Seeing that nothing could be done from this side I went to the rear and squeezed in, for Ch. was there and he let me do so; but he said that he had heard shots inside and that he thought all was finished, and said also that Leinst and three others went to search in Syvorotka's home--they evidently don't know that all was taken out yesterday. In the house I found complete commotion. The family had disappeared, and no one knew where or how. Pytkan was shot in the stomach and in the throat and I saw him lying on the floor in the room. Khokhriakov and his men were shaking the rest of his life out of him, asking where the E. and the jewelry were, but all that Pytkan could say was "they were taken away." No one could make out what really had happened and who had shot him; some said that they went away in trucks, yet, in the evening, some that a detachment sent by the Soviet took them secretly out, some said aeroplanes. All were wrong, for Philip had just come back and the trucks were in place, no one came into the Ipatiev's house as I was on guard, and there had been no aeroplanes since six o'clock. Pytkan was almost dead when Khokhriakov finally got from him that the family had been shot and taken away--and then he began to expire. Later the German appeared and chased us all away,--he sent for his assistant, but they could not find him.

The family disappeared,--it is true; there was no trace of them.

I continued to look everywhere up to the time that the Soviet representatives arrived, having been ordered to arrest all people who were with the family, and commenced searching for the bodies.

The whole place was surrounded by Reds, and all were ordered out, but nothing was there. Then a resolution was made that the prisoners had been taken away and shot, and they sent a wire to Moscow. I only know that inside the house they killed two people and nobody else, anyhow.

Pytkan and Kramer were dead; Kramer probably had been shot from a distance--the bullet was in his head. There were no more than two men killed, I know it; so you may feel sure, when you hear that all were killed in the house that it is a lie. Somebody must have been burning things in the stove long before--maybe in the daytime or the early evening; the stove was almost cold,--the Reds got something out of it, I did not see what it was. When I understood that the whole family had been taken away, dead or alive, or had somehow disappeared, and that there was nothing for us to do, I took Philip and we rushed back to Syvorotka. The trucks and the chauffeurs were all gone. In the garage we found Syvorotka tied with a rope and shot in the spine, and bleeding from scratches and other wounds. From the appearance of the garage we understood that there had been a struggle, but he could not speak comprehensively; all we got from him were moanings, separate phrases and words like "treason," "run away," "leave me die here,"

etc., etc.,--he was decidedly raving and very weak. We helped him as best we could and came back to the city at about five in the morning and Philip went to Nachman's. They both reported that shortly after two o'clock, three of the trucks passed on the highway to Sysertsky Works.
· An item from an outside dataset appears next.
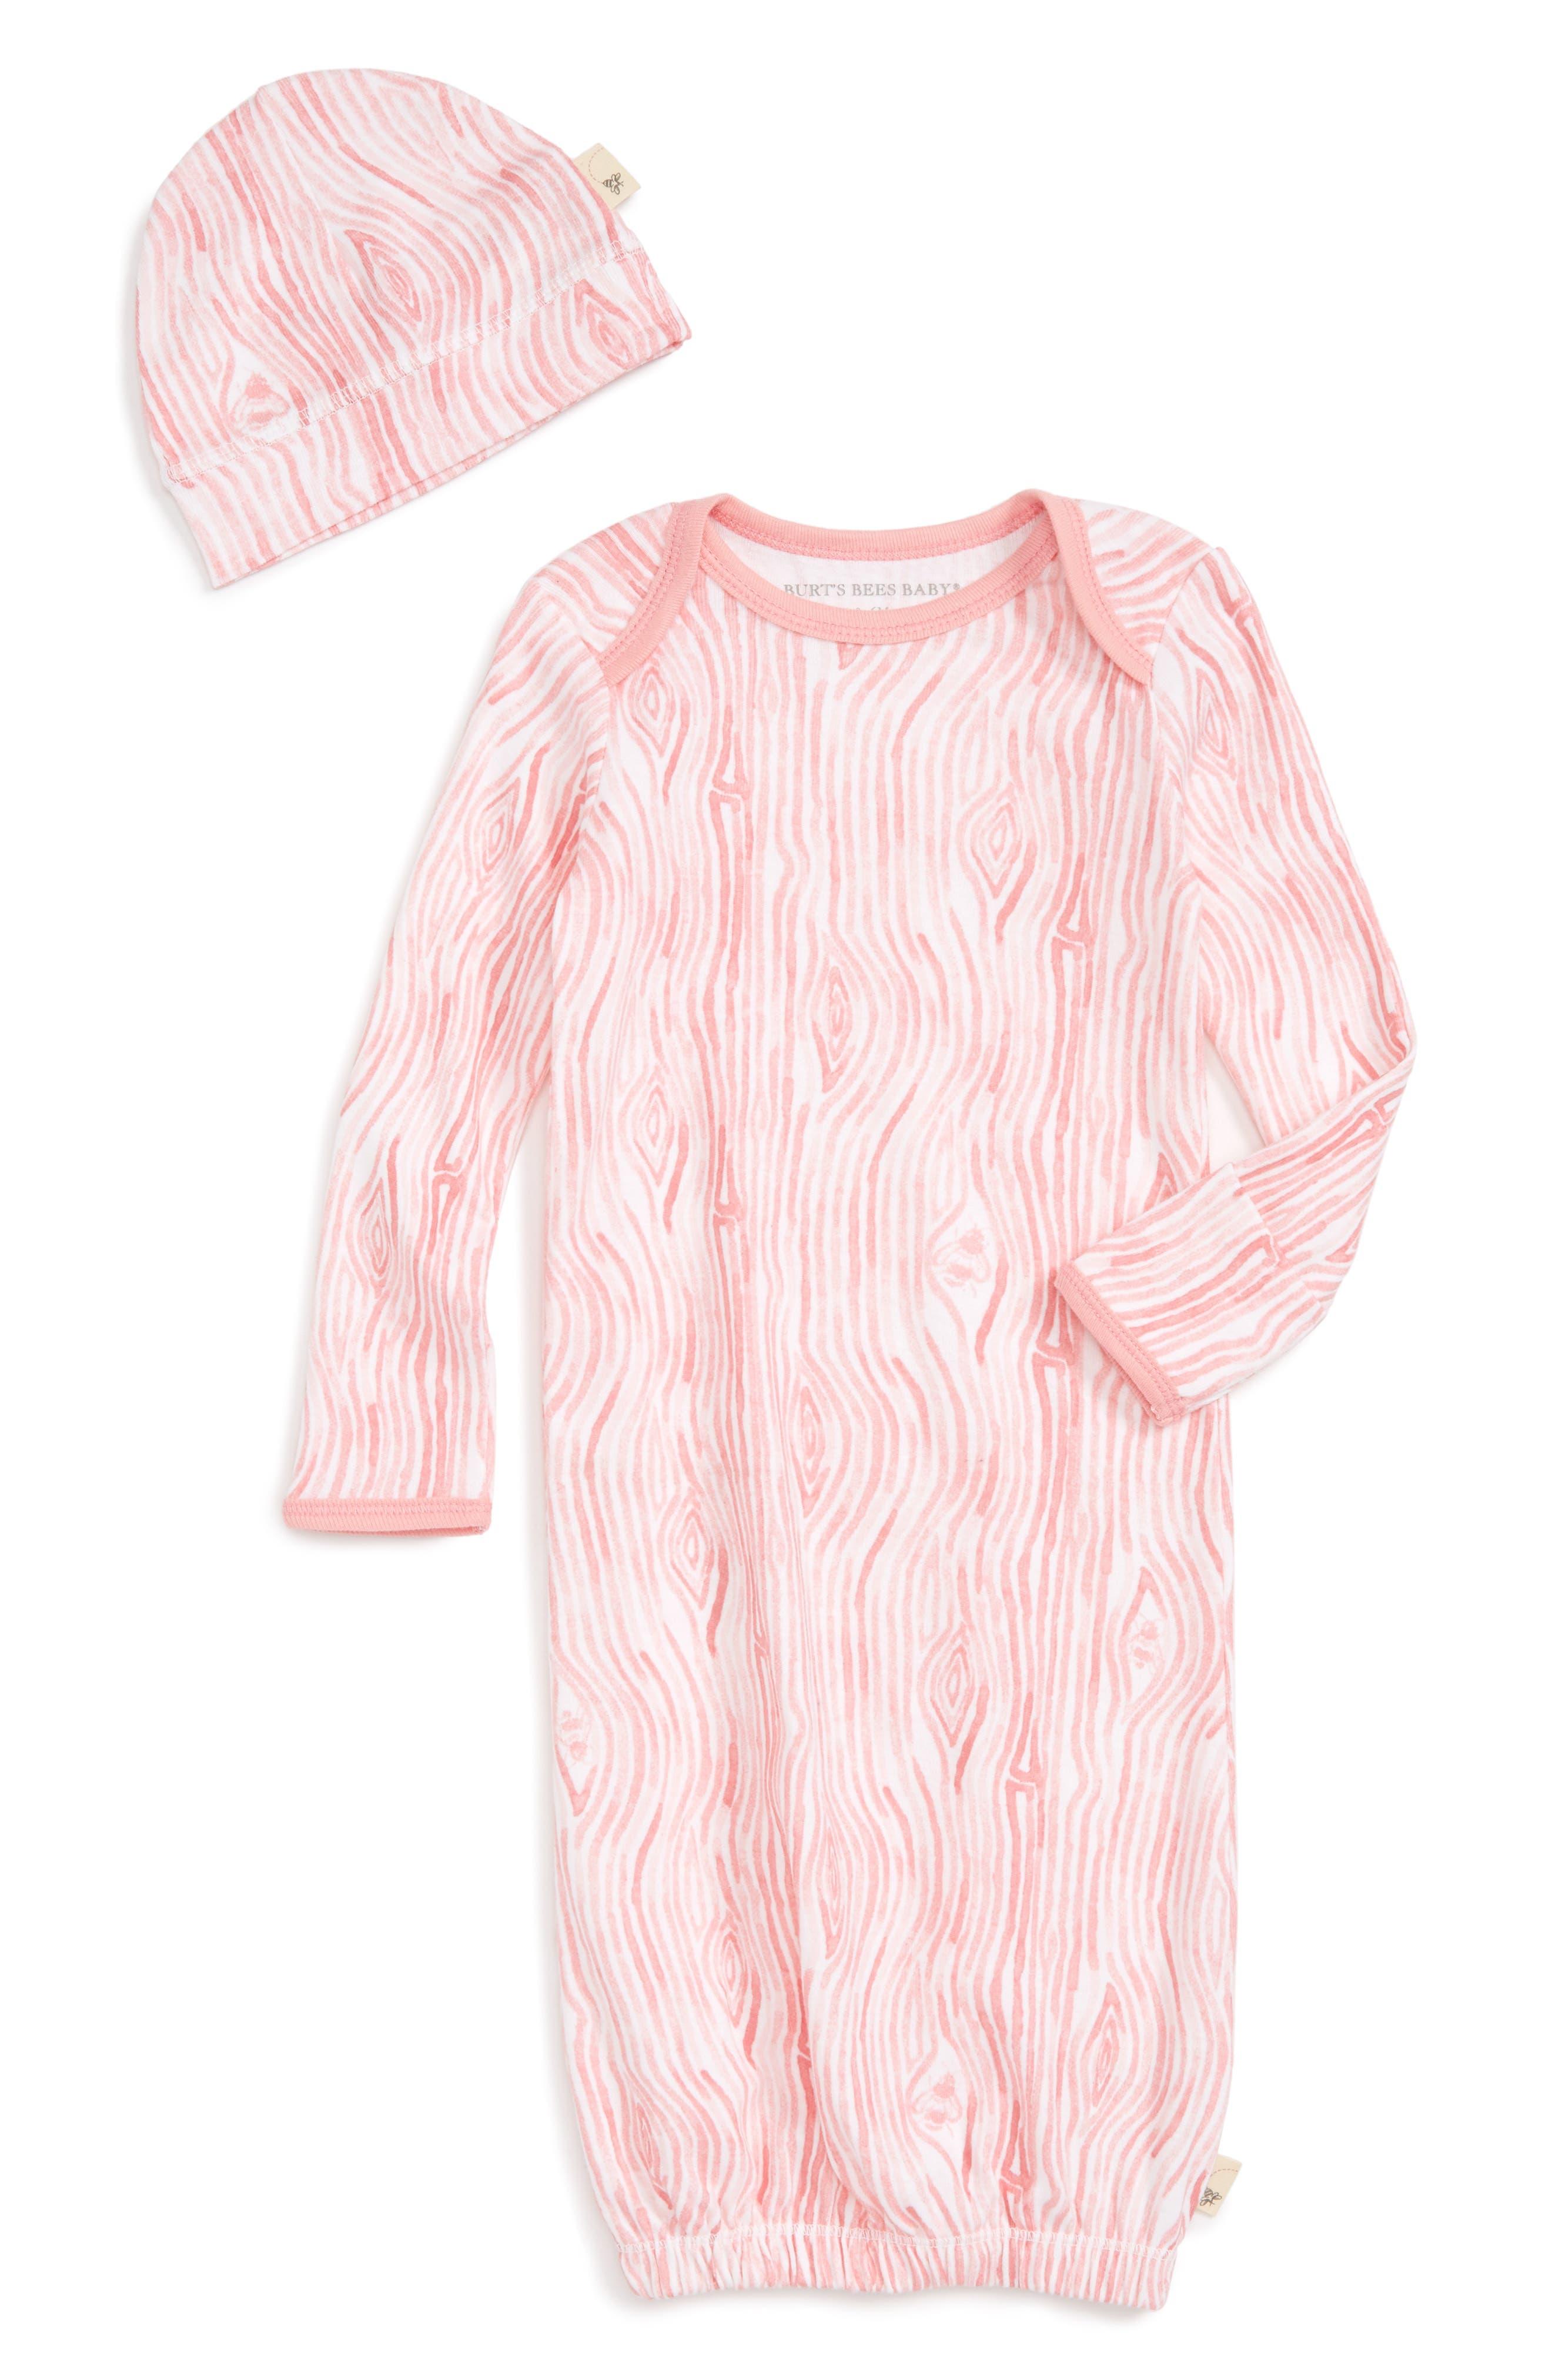 Burt's Bees Baby Watercolor Organic Cotton Gown & Hat Set (Baby Girls)

Some people were in them, and the Nachmans thought it was our affair, for the rumors had already reached them that the family had disappeared or had been executed. This Sysertsky direction is more or less correct for I know from Syvorotka that supplies were lately being sent continuously with him to Tubiuk. This way also went Syvorotka's woman.
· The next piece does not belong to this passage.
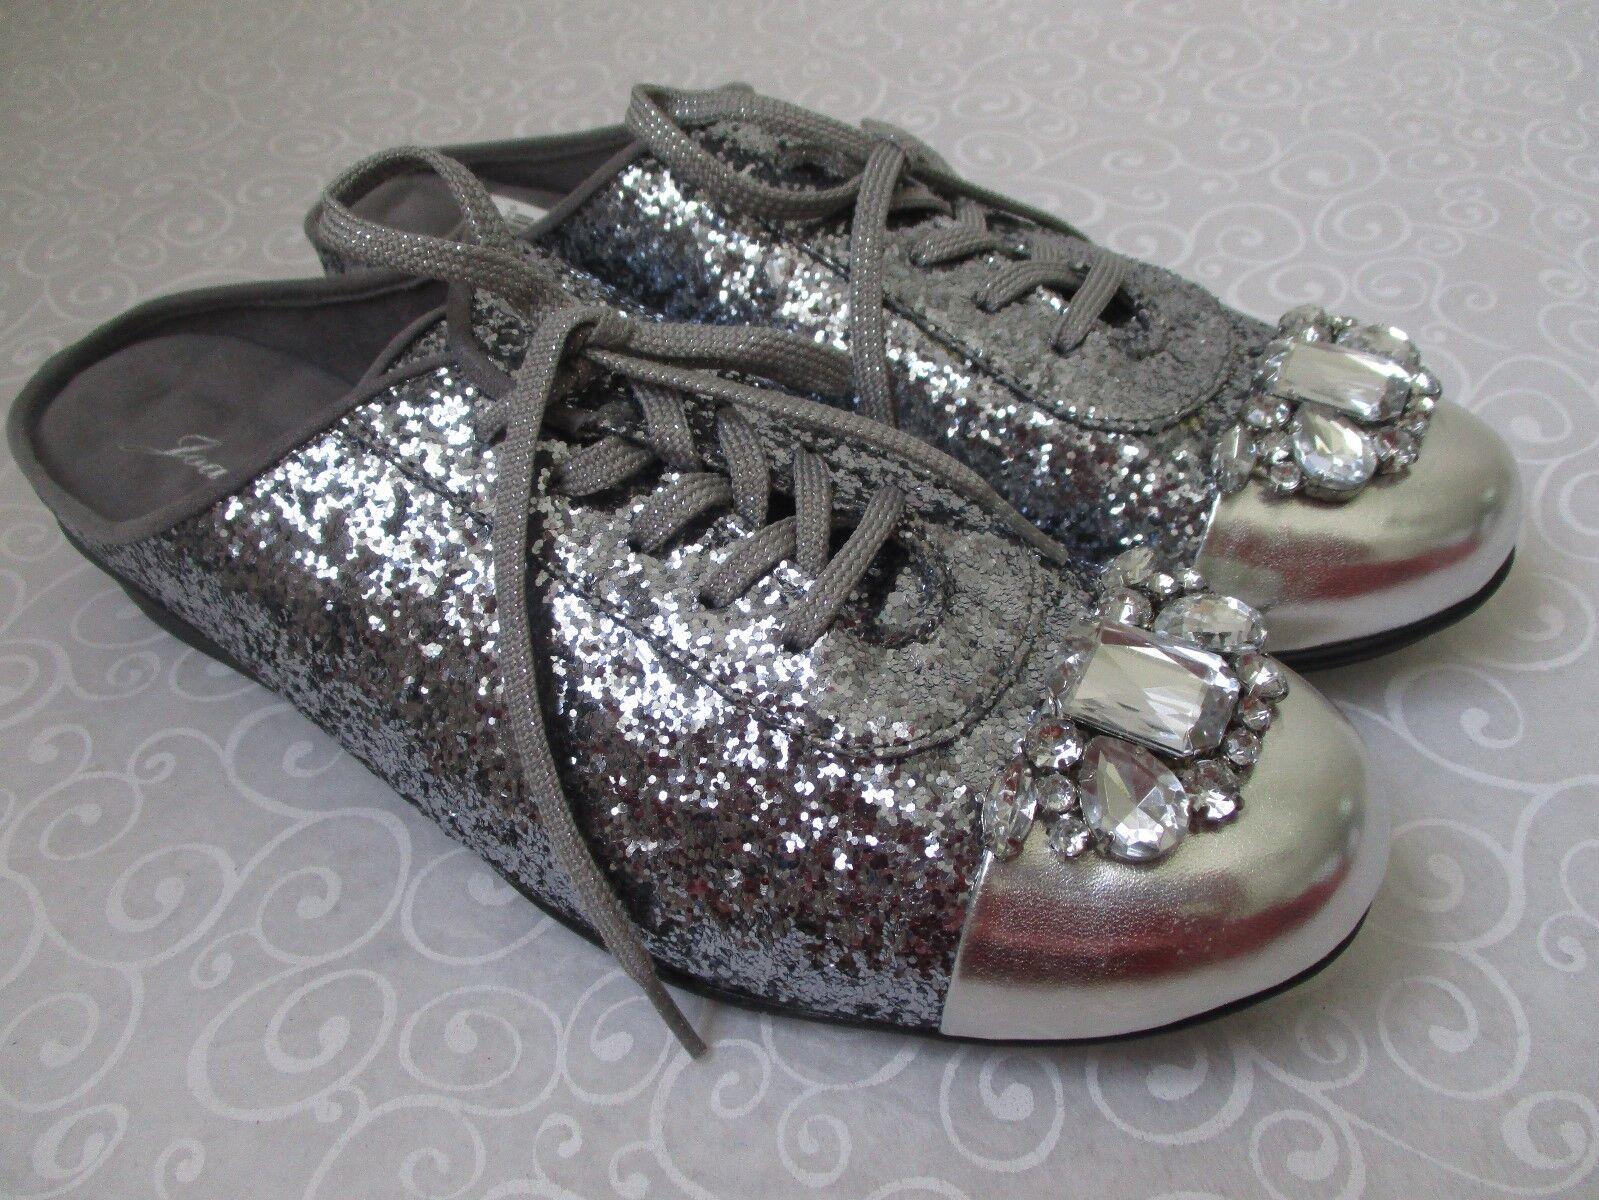 JOAN BOYCE DENISE PEWTER GLITTER & SILVER JEWELED FLATS Schuhe SIZE 8 W - NEU

S-y and all the rest left,--some people say in the evening, some early in the morning of the 17th.

Maybe something could be told by Syvorotka if he ever survives his wounds, and if the Reds do not find him and finish him before they leave, for he is under suspicion. He still is unconscious, and has fever. All Philip and I know is that either all our organization has failed to succeed, or we were all betrayed and sold, or that you intentionally detracted our attention from the truth.

This letter will be given to you by Mrs. Nachman who is going tonight to Ufa. As soon as the Reds leave Ekaterinburg we will both follow,--we are hiding now,--and will report on the facts that we witnessed and the rumors we heard."